Der Charakter von Reine ist untrennbar mit seiner Landschaft verbunden. Das Dorf liegt am Fuß des Reinebringen, eines Gipfels, der steil über vierhundert Meter emporragt und von seinem Gipfel aus einen Ausblick bietet, der als der schönste in Norwegen bezeichnet wird – eine fast luftige Perspektive über den jadegrünen Fjord, die verstreuten Rorbuer und die zerklüftete Bergwand, die sich gen Süden in Richtung Å erstreckt. Das Licht an diesem Breitengrad – achtundsechzig Grad nördlicher Breite, weit über dem Polarkreis – vollbringt täglich Wunder: Im Sommer taucht die Mitternachtssonne die Gipfel in einen goldenen Glanz, der bis in die frühen Morgenstunden anhält, während der Winter das Nordlicht bringt, das direkt über uns tanzt. Die Qualität dieses Lichts hat seit den 1880er Jahren Künstler und Fotografen angezogen, und die kleine Kunstgalerie im Reine Kulturzentrum pflegt eine Tradition der Landschaftsmalerei, die über Generationen hinweg reicht.

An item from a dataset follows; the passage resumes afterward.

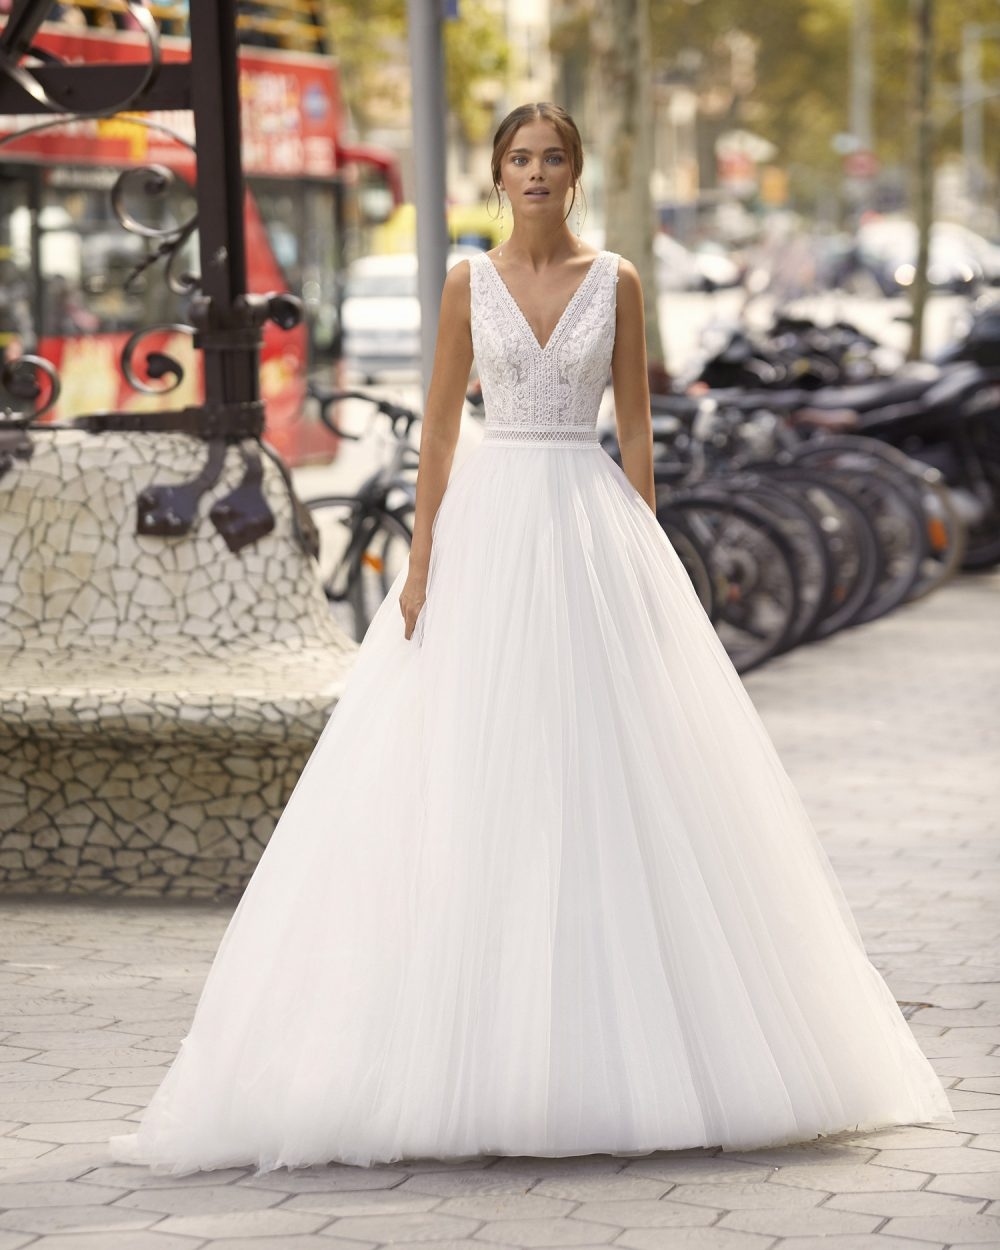 Mariages: abito da sposa Rosa Clarà 2021 a Vicenza, Verona, Padova, Veneto 5S135 YASMIN

Die Küche von Reine und den Lofoten-Inseln wird, wenig überraschend, vom Meer dominiert. Die Dorschsaison – die Skrei-Saison – erstreckt sich von Januar bis April, wenn riesige Schwärme von arktischem Dorsch aus der Barentssee nach Süden wandern, um in den sich erwärmenden Golfstromgewässern rund um die Lofoten zu laichen. Dies ist der Fisch, der Bergen groß gemacht hat, katholisches Europa während der Fastenzeit ernährte und nach wie vor zentral für die norwegische Identität ist. In Reine wird er auf jede erdenkliche Weise serviert: gebraten als fiskekaker, getrocknet als stockfish, pochiert mit Butter oder einfach über offenem Feuer gegrillt. Gammelost, der traditionelle kräftige Käse aus Westnorwegen, wird zusammen mit lefse-Fladenbrot und Moltebeermarmelade gereicht. Anita's Sjømat, ein Fischgeschäft und Café am Hafen, serviert möglicherweise die beste Fischsuppe an der norwegischen Küste – cremig, reichhaltig mit Garnelen und Lachs, und begleitet von frisch gebackenem Brot, das allein die Reise rechtfertigt.

Jenseits des Dorfes bietet die Landschaft von Moskenesøya Wanderungen von außergewöhnlicher Qualität. Der Weg zum Reinebringen, der kürzlich mit einer von Sherpas erbauten Steintreppe verbessert wurde, ist der bekannteste Spaziergang, doch die längeren Wanderungen zu Bunes Beach und Horseid Beach – beide nur zu Fuß oder mit dem Boot erreichbar – führen zu Abschnitten weißen Sandes, die von vertikalen Bergwänden umrahmt sind und eher wie etwas aus einem Fantasy-Roman als aus der subarktischen Realität wirken. Der Maelstrom – der legendäre Strudel von Moskstraumen in der Meerenge südlich von Reine – inspirierte Edgar Allan Poe und Jules Verne, und Bootstouren vom Dorf aus bieten eine sichere Beobachtung der kraftvollen Gezeitenströme, die ihn erzeugen. Das Fischerdorf Å, am Ende der Straße, beherbergt das Norwegische Fischerdorf-Museum und das Stockfisch-Museum, beide unerlässlich für das Verständnis der wirtschaftlichen und kulturellen Geschichte des Archipels.

Aurora Expeditions, HX Expeditions und Hurtigruten inkludieren Reine und die Lofoteninseln in ihren norwegischen Küstentouren. Der Zugang erfolgt typischerweise mit Tenderbooten, die sich zwischen den Rorbuer hindurchschlängeln, um die Passagiere im Hafen abzusetzen. Für Reisende, die bereits die belebteren norwegischen Fjorde erkundet haben, stellt Lofoten eine andere Dimension des Erlebens dar — wilder, abgelegener und von einer Schönheit, die so extrem ist, dass Erstbesucher sie häufig als überwältigend empfinden. Von Juni bis August bietet die Mitternachtssonne ideale Wanderbedingungen, während von Ende September bis März die Nordlichter und die dramatischen Winterstürme die ungezähmte Natur der Lofoten in vollem Umfang offenbaren.